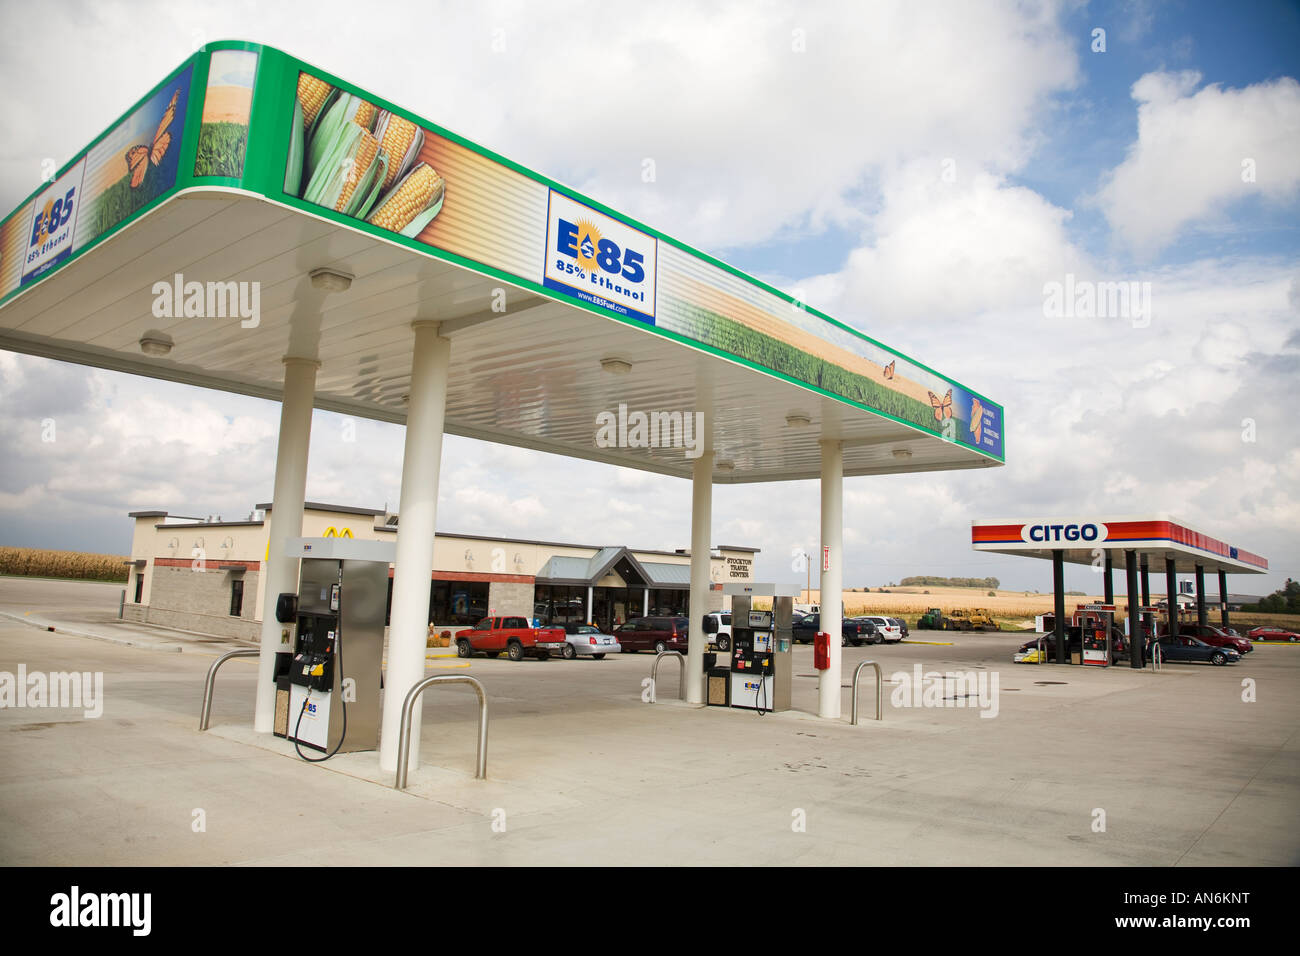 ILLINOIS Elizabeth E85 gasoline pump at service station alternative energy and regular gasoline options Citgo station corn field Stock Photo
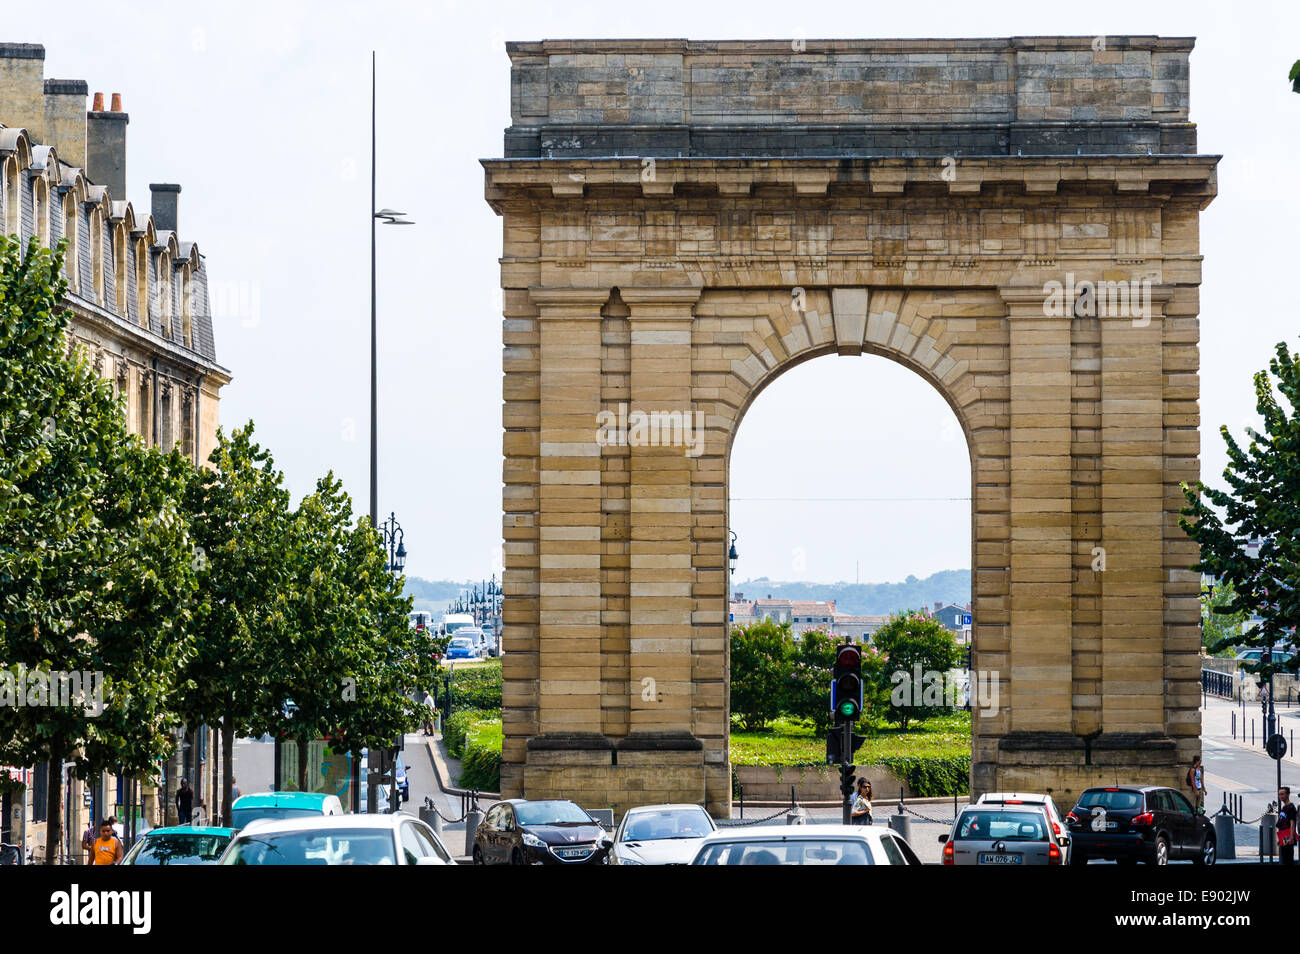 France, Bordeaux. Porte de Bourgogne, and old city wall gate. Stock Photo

...

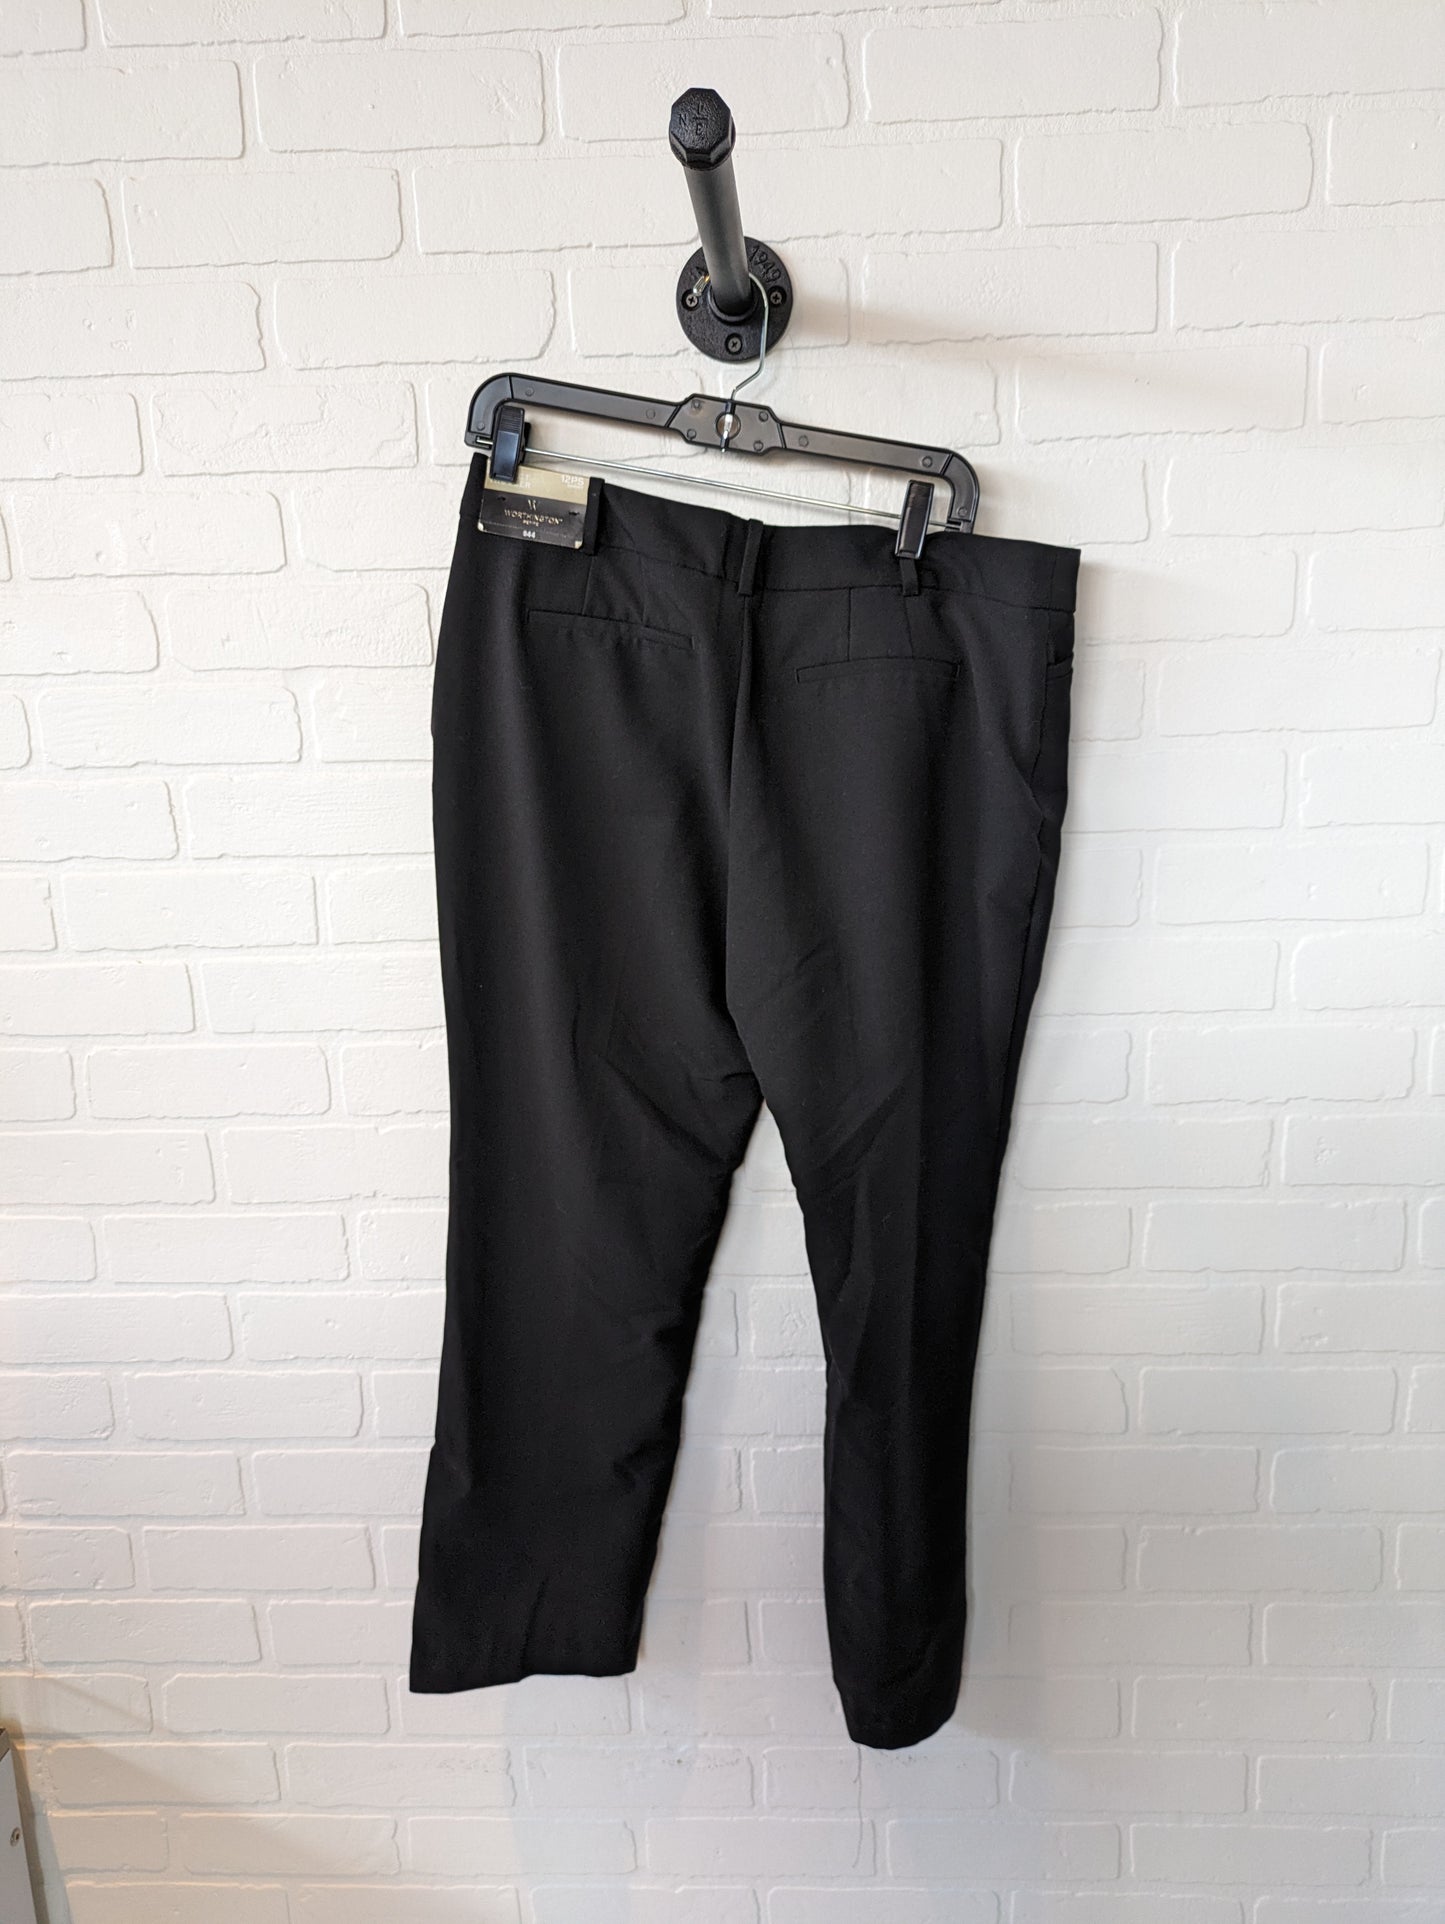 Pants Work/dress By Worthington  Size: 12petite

==

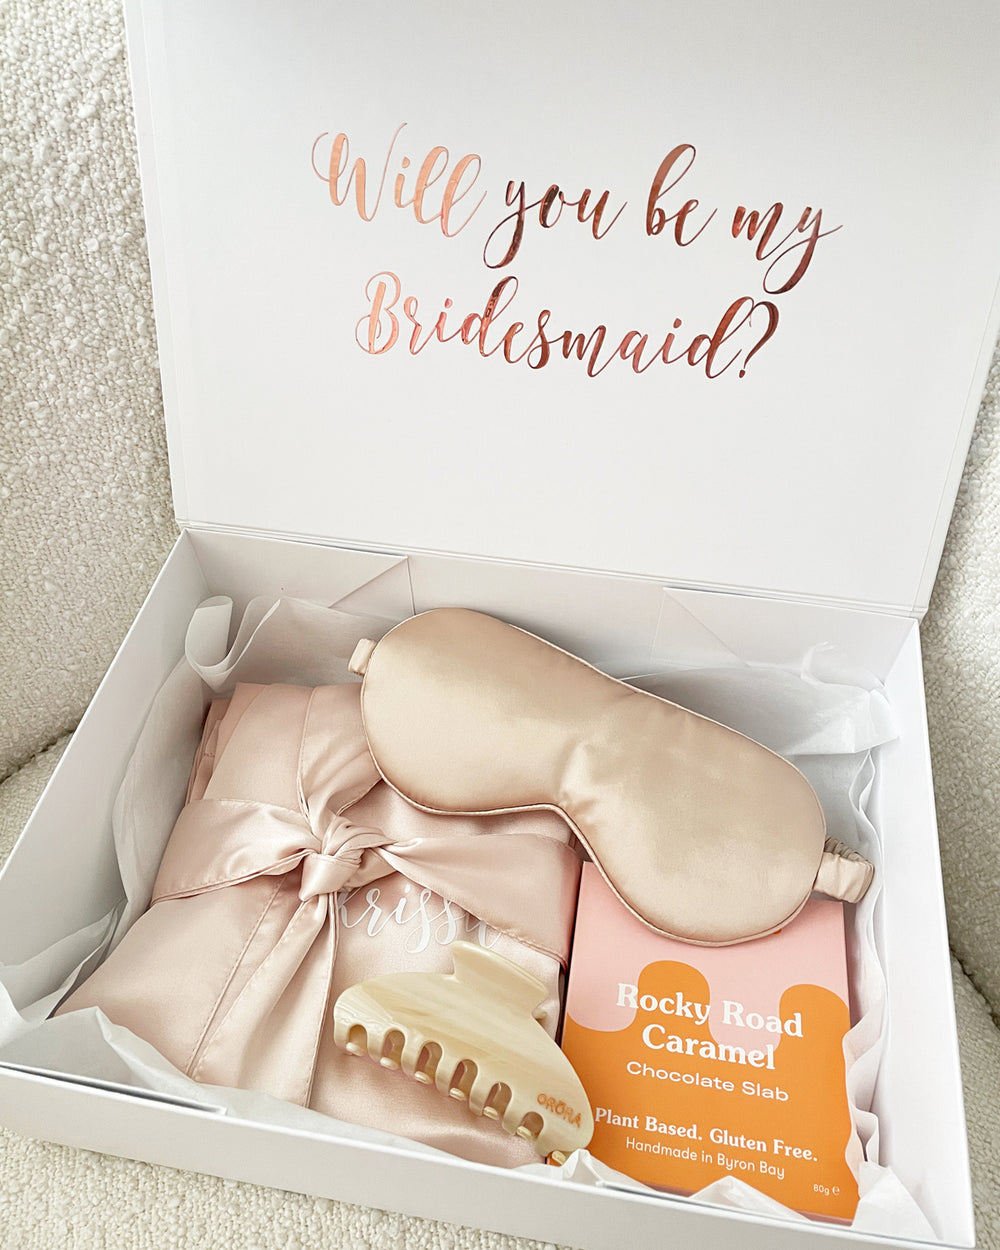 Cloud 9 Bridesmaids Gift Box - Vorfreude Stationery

- What the task requires -
A word-for-word reproduction is needed of the lines above from the line containing "ILLINOIS Elizabeth E85" through the line containing "France, Bordeaux. Porte", with both ends kept and no pictures.

- Response to the exercise -
 ILLINOIS Elizabeth E85 gasoline pump at service station alternative energy and regular gasoline options Citgo station corn field Stock Photo
 France, Bordeaux. Porte de Bourgogne, and old city wall gate. Stock Photo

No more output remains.